Cama şekil vermek zahmetli ama bir o kadar da keyifli. Fabrikasyon bu kadar yaygınlaşmadan önce, cama elle daha doğrusu nefesle şekil vermek daha çok kişinin uğraş alanındaydı. Şimdiyse o kadar da gözde olmayan bir hobiden ibaret. Yine de çok güzel işlerle nadiren de olsa karşılaşıyoruz.
Cam üflemenin ardındaki hikayeyi anlatan bu eski belgesel film, insanda cam üfleme isteği de yaratıyor. Filmde kullanılan caz müziği de izleyeni, filmin yapıldığı 1958 yılına götürüyor.

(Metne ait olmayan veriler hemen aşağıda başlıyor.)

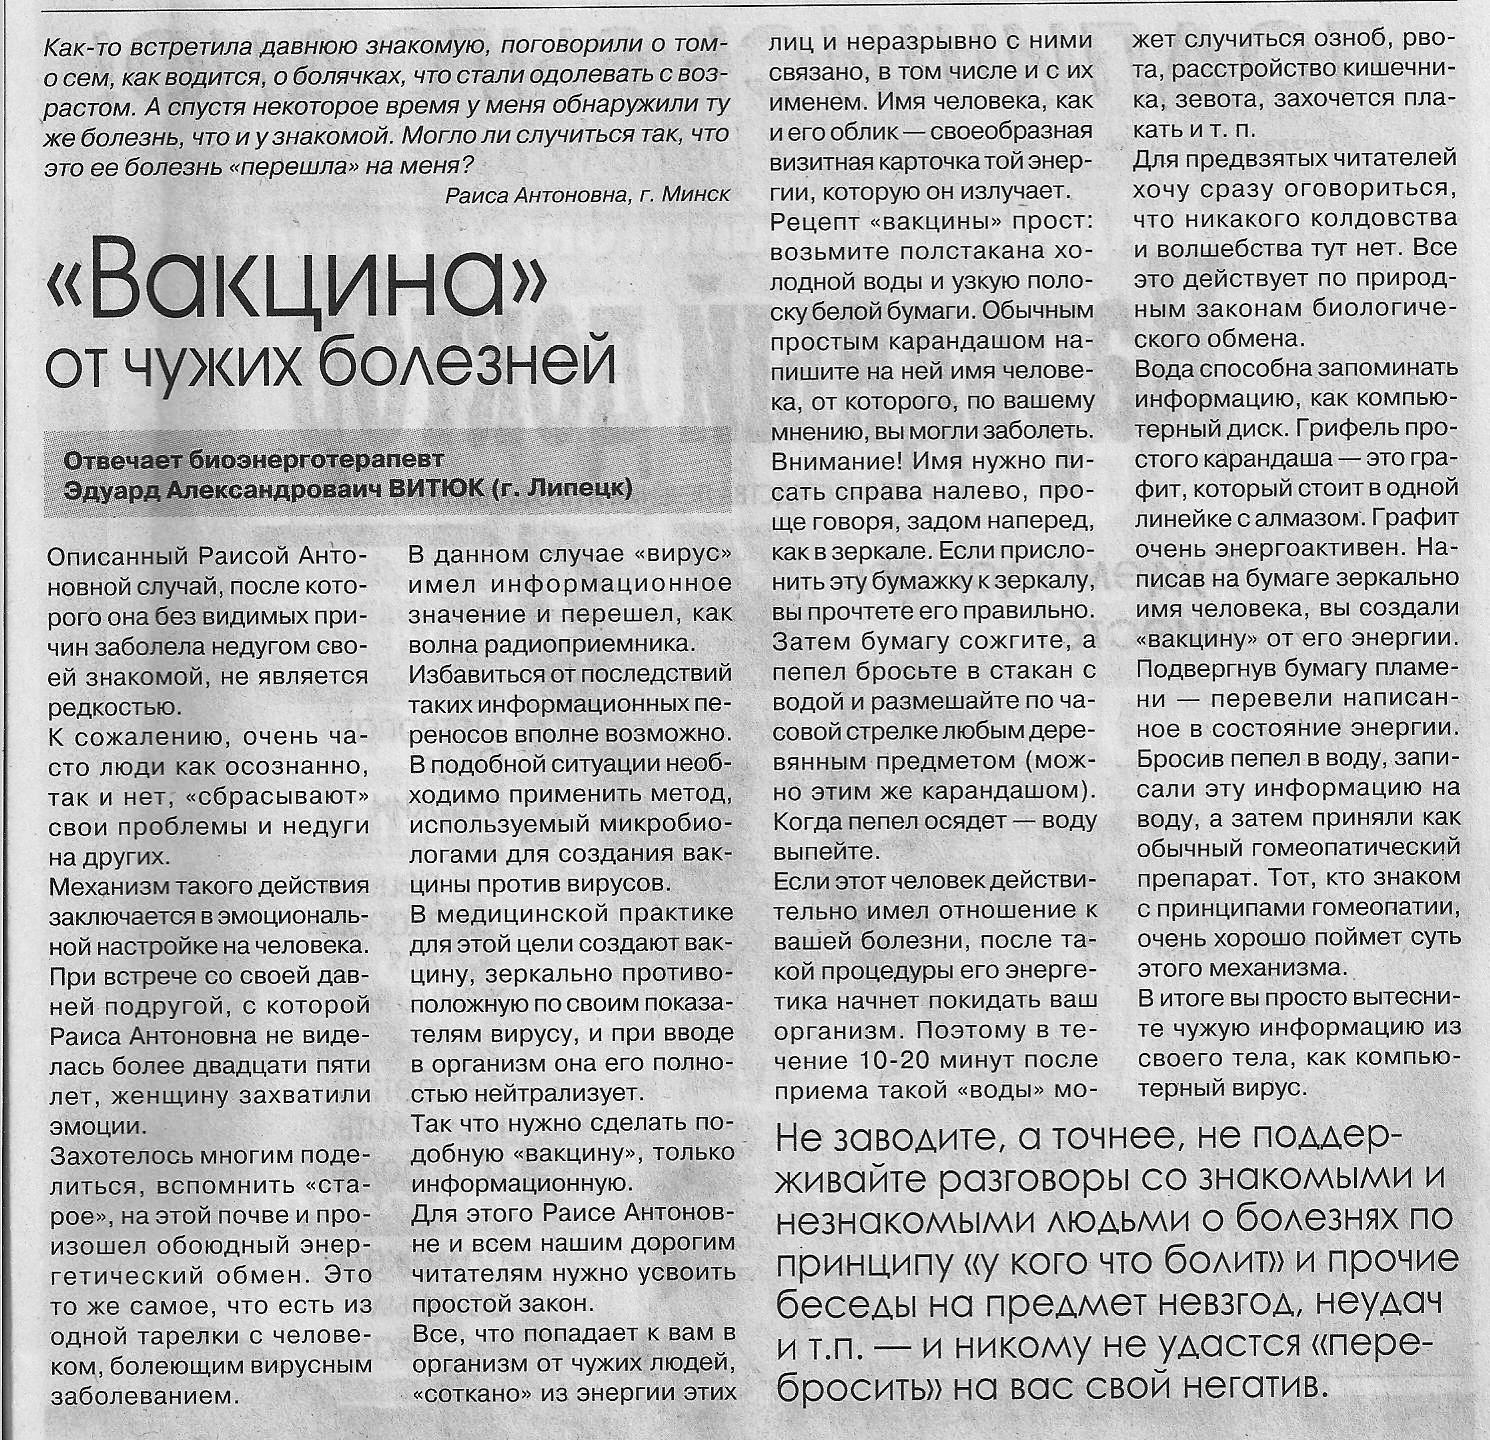 http://s3.uploads.ru/6iyS9.jpg

Filmin yapımcısı Bert Haanstra, diyaloğa hiç yer vermeden otomasyonu anlatmayı başarmış. Çalışanların sardıkları tütünü üflenen camda yakması gibi ince detaylarsa, sıcaklık hissini izleyiciye geçiriyor.

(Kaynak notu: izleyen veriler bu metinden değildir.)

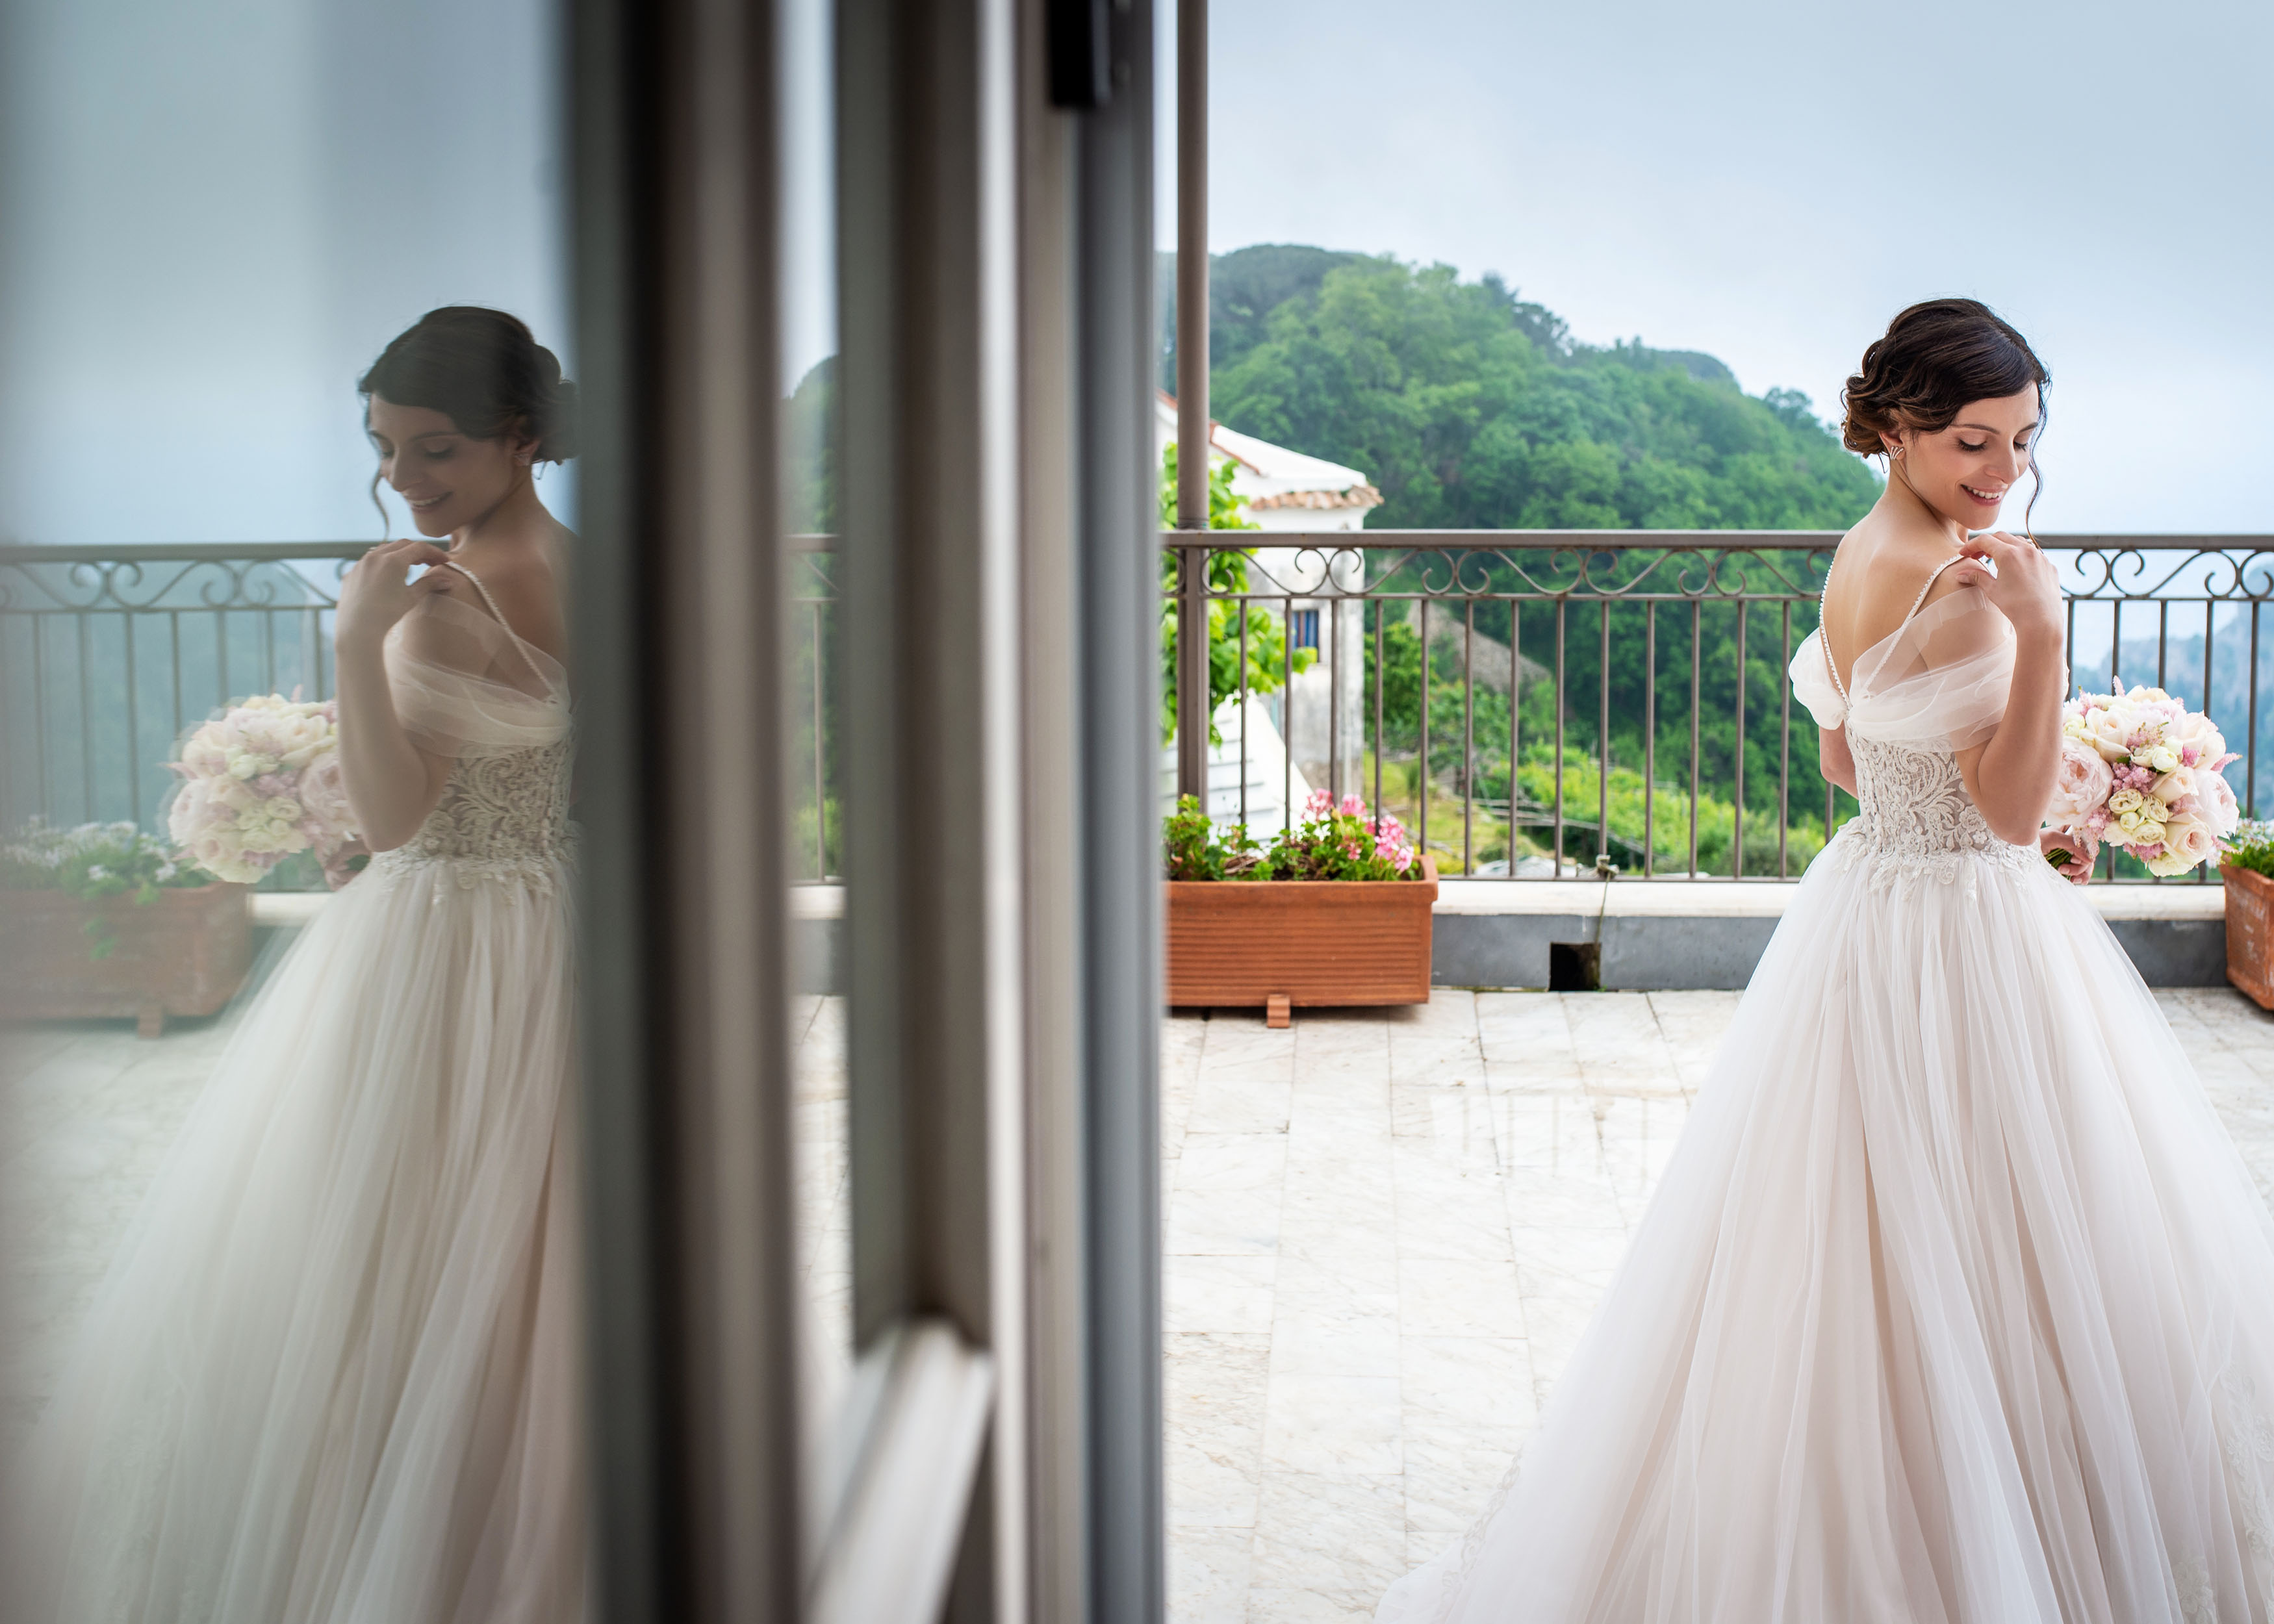 http://www.weddingamalfi.com/wp-content/uploads/Katia-Jorge-18-maggio-2019-18.jpg

Oscar ödüllü filmin ilk bölümünde cam üfleyen birkaç kişiyi görüyorken, ikinci bölümde cam üretiminin dahi ne kadar mekanize bir hal alabileceğini görüyoruz. İlk bölümde dikkatimizi çeken işinin ehli eller, pür dikkat, ikinci bölümde yerini makinelerin dünyasına bırakıyor. Üretim bandından şişeleri alıp başka bir yere koyan kıskaçlı bir makinenin, insani bilinçten yoksun olduğu için şişelerin kırılmasına sebep olması de izleyeni düşündürüyor.